PTM impairs Maseve, fires contractor, but looks to better 2017

PTM's Maseve mine

PLATINUM Group Metals (PTM) reported a less than smooth start to its Maeseve mine in its 2016 financial year impairing the asset for $41.4m and replacing its contractor for poor delivery of production ramp up.

But it promised to improve performance in the current year saying that mining of Merensky Reef was due to improve which would lift the delivered average grade and generate more cash flow.

The mine is expected to reach production of 250,000 ounces a year (4E). Output was forecast to be 110,000 oz in its first year rising to 180,000 oz, but the company in October put output in the first 12 months at 91,500 oz.

In line with reports from other operating mining firms in South Africa, especially platinum mining firms, the company said it had suffered the effects of “intermittent section 54 work stoppages at the Maseve Mine”.

Section 54 refers to a part of the Mine Health and Safety Act which entitles the Department of Mineral Affairs (DMR) to stop mining where safety and health infractions have been identified.

The issuances, described by PTM has an industry blitz, have caused a storm in the sector with many mining firms saying the application of the less strenuous Section 54 notices might be more appropriate given the economic impacts.

“Concerns raised by the DMR have been addressed and the company is focused on safely increasing mined tonnage at grade from planned blocks while at the same time reducing costs,” it said.

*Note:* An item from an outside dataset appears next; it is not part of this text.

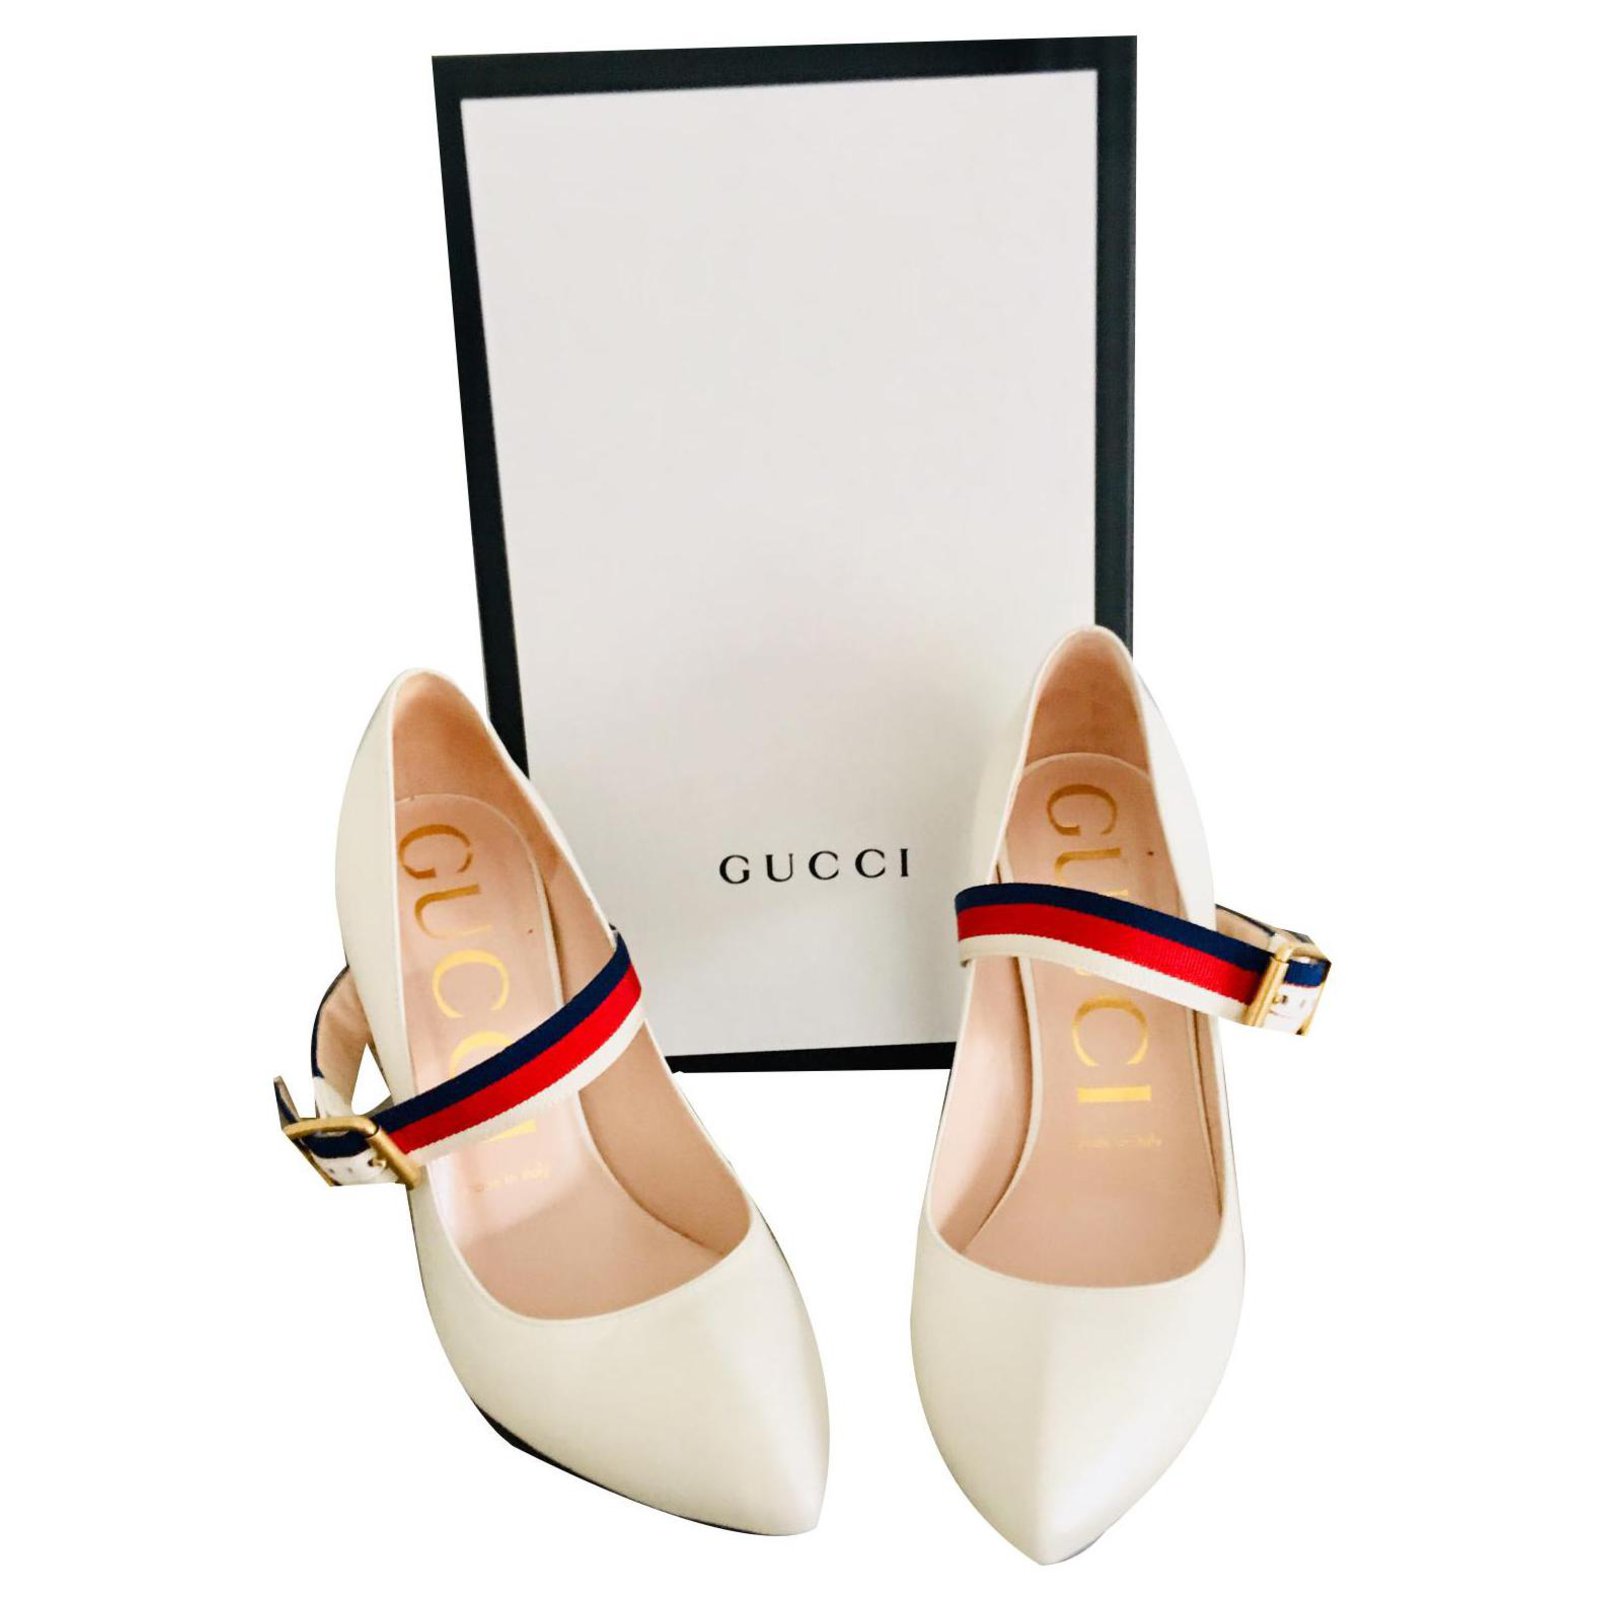 Gucci Sylvie Leather Pumps Heels

PTM was commenting in its full-year results announcement in which it posted a net loss of $36.65m (2015 -$3.97m). The $41.4m write-down on Maeseve’s carrying value was offset by a $7.49m deferred income tax recovery.

It said that difficulties and delays were caused “in part by poor contractor performance” and late completion of underground infrastructure at the project which led to bottlenecks in waste movement and ore from the mine”. The mine was first commissioned in February.

As with any mine moving towards commercial start-up following a long lead-time, PTM’s Maeseve mine needs rapid build up of cash flow, especially as the platinum group metal prices have been disappointing again this year.

“The delays in development and stoping have delayed production, which will have a negative impact on working capital requirements until sufficient mined material is produced to allow mine operations to generate positive cash flow,” it said.

The company issued shares for a total of $143m, or some R2bn, of which $73m worth was in public offerings during the 2016 financial year. It also amended facilities with shareholders were draw-downs were attached to production targets.

Some $143m was spent on the development, construction, equipment and other costs at the Maseve Mine while some $7.3m was also spent progressing its Waterberg platinum prospect.

Current cash on hand totalled $28.5m compared to $16.45m as of August 31.

“The company’s key business objectives for fiscal 2017 will be to safely ramp-up the Maseve Mine and to advance the Waterberg Project through feasibility and into preparations for a mining right application,” said PTM.

Shares in the company at $1.70/share have returned to levels last seen in February. The company’s shares hit an all-time low of $1.10/share in January.